EXERCISE DATA:
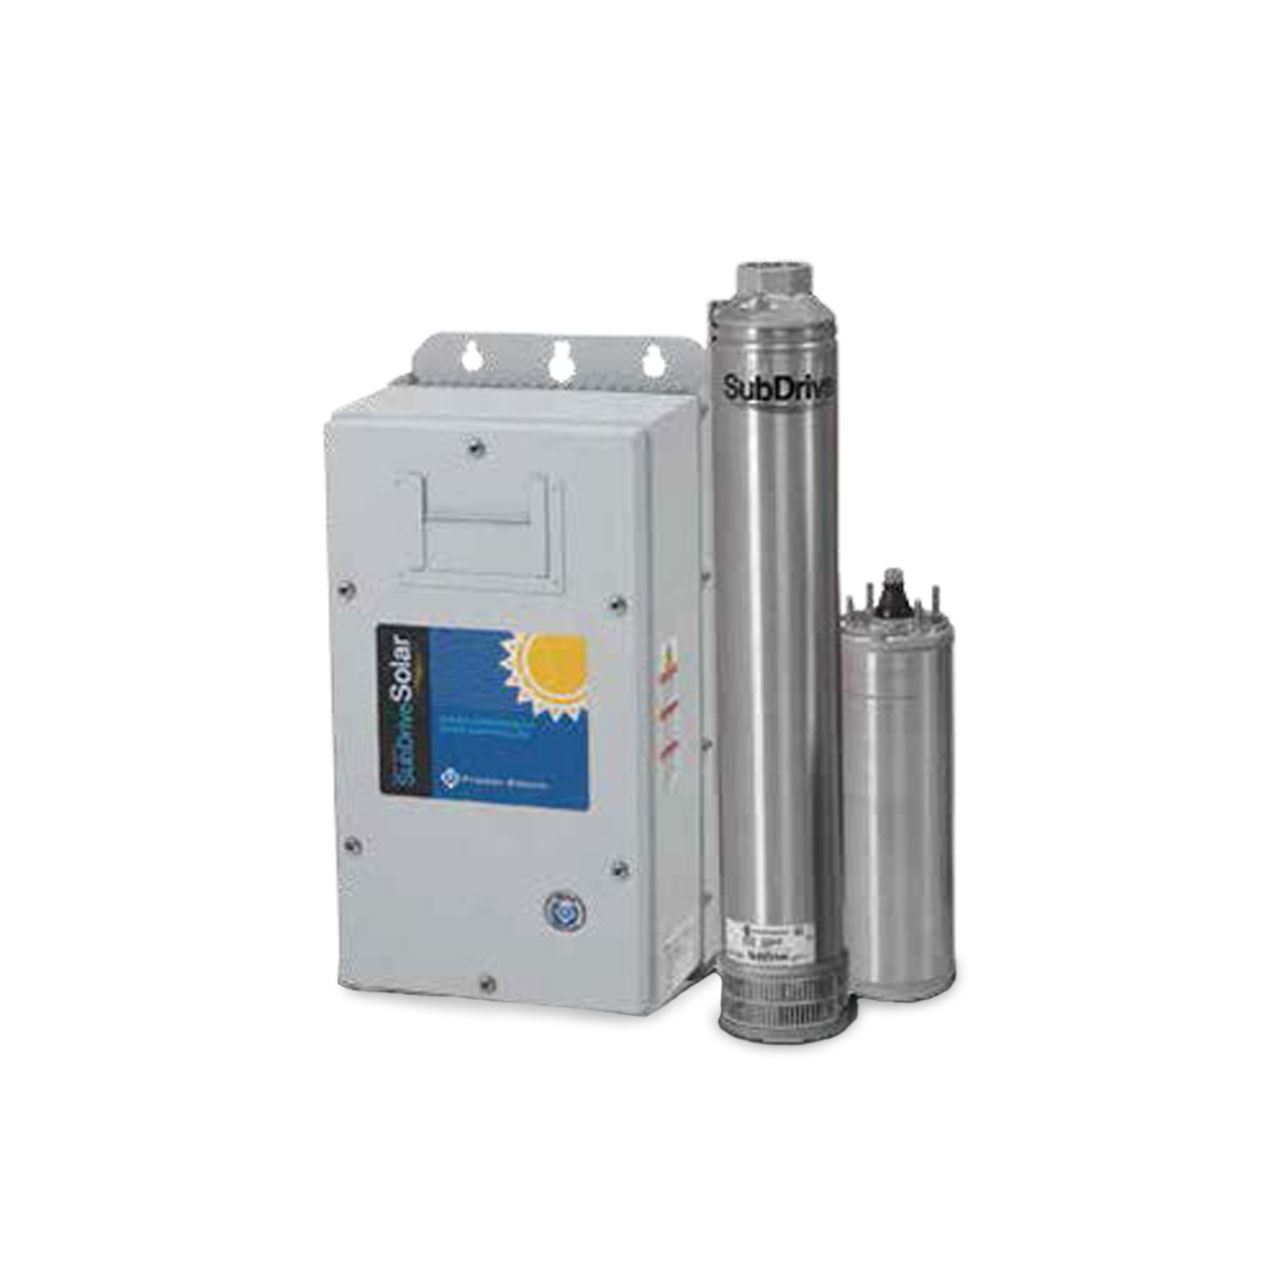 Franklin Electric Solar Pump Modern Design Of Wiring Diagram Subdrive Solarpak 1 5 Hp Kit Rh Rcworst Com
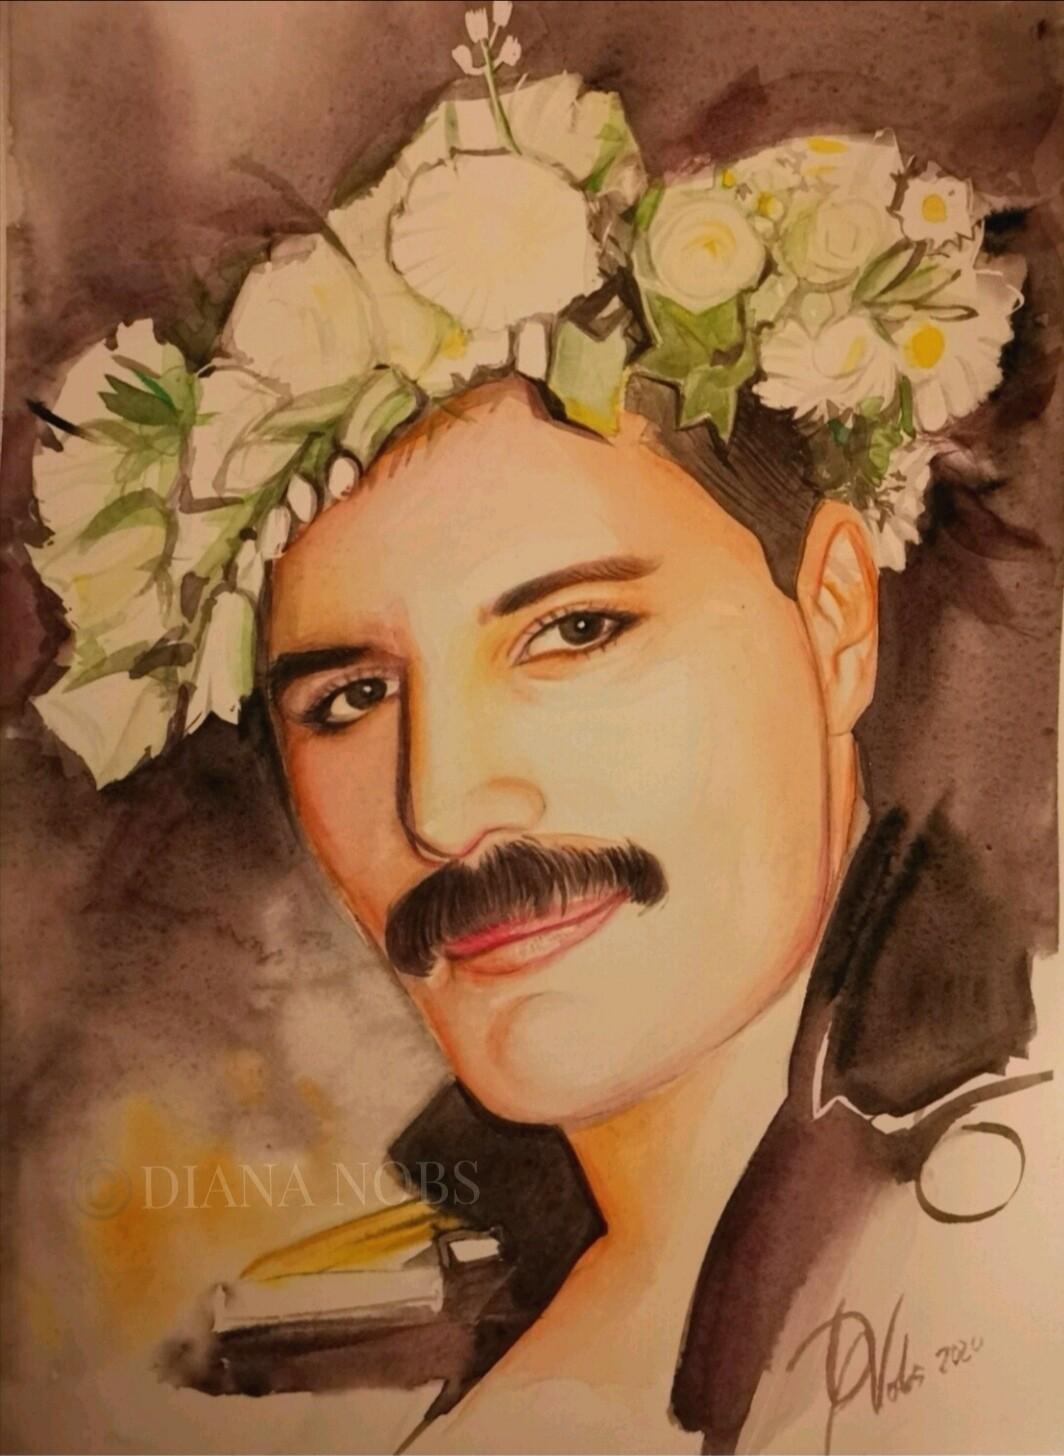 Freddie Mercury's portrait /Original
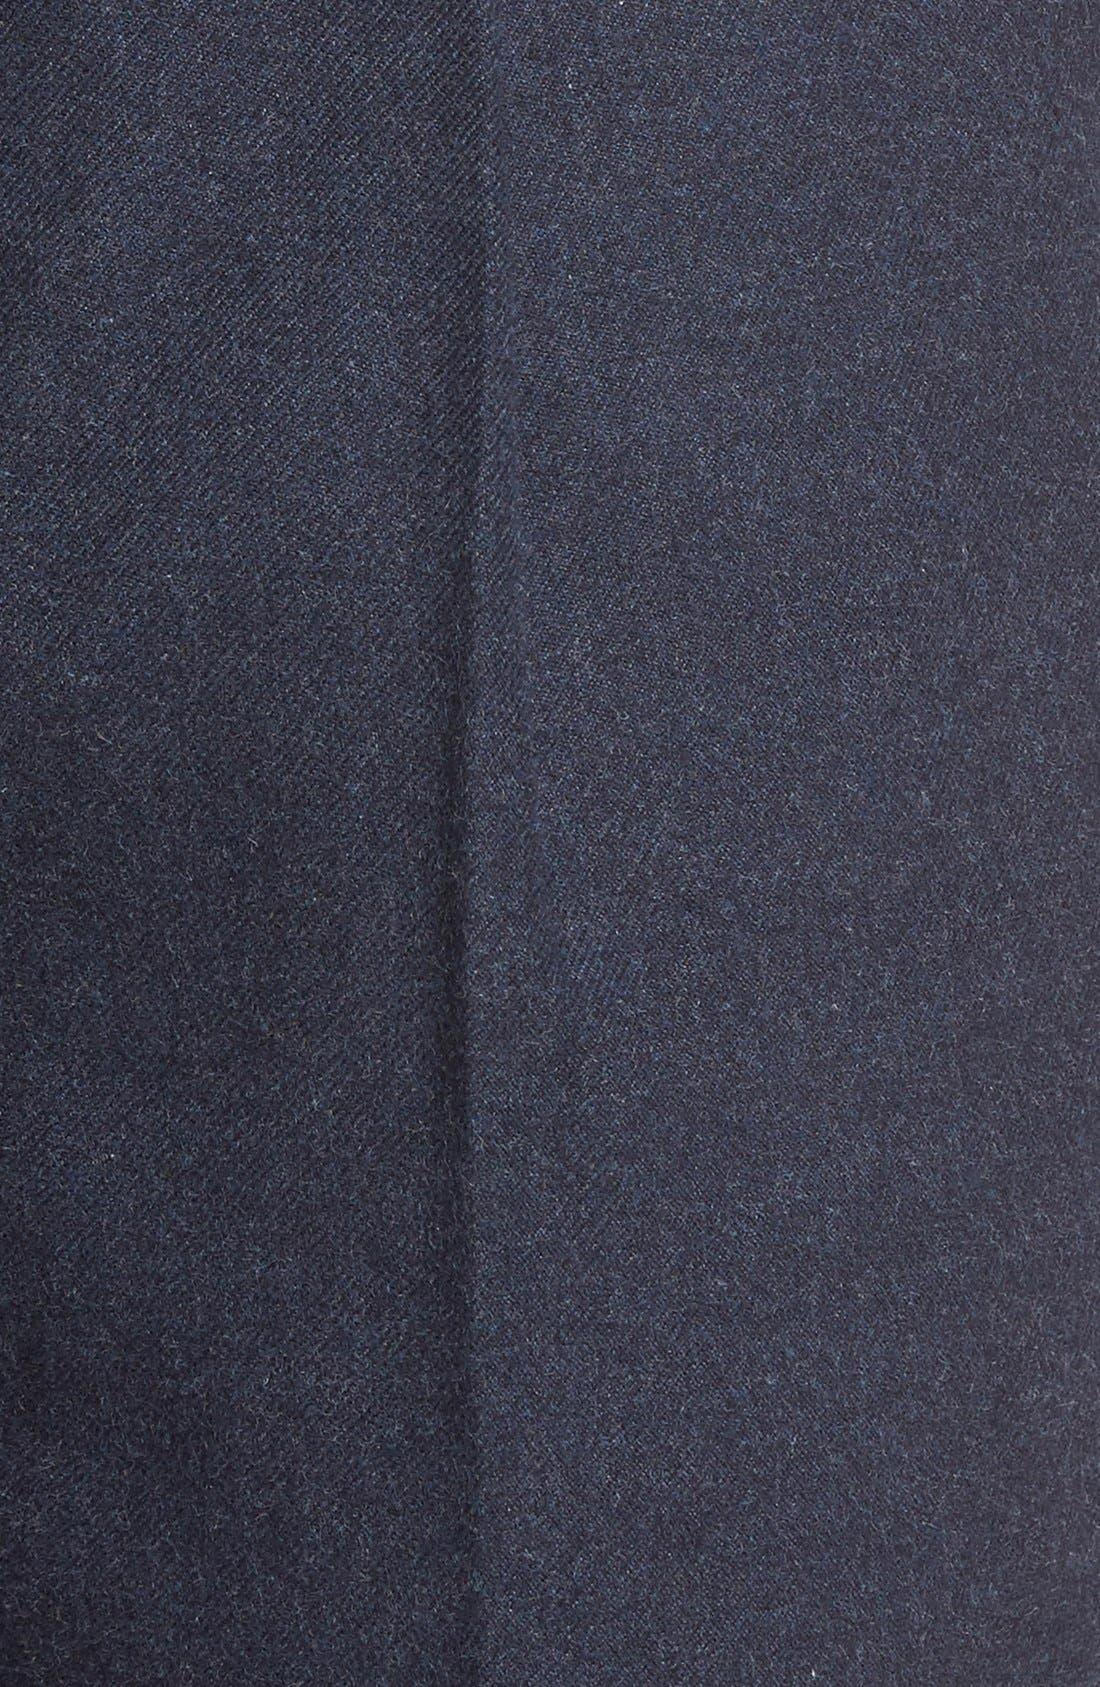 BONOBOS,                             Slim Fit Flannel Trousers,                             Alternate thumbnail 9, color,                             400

REQUIRED ACTION: Set down again, exactly, the lines from the one with "Freddie Mercury's portrait /Original" to the last line of the data, both included and pictures excluded.

ANSWER SECTION:
 Freddie Mercury's portrait /Original
 BONOBOS,                             Slim Fit Flannel Trousers,                             Alternate thumbnail 9, color,                             400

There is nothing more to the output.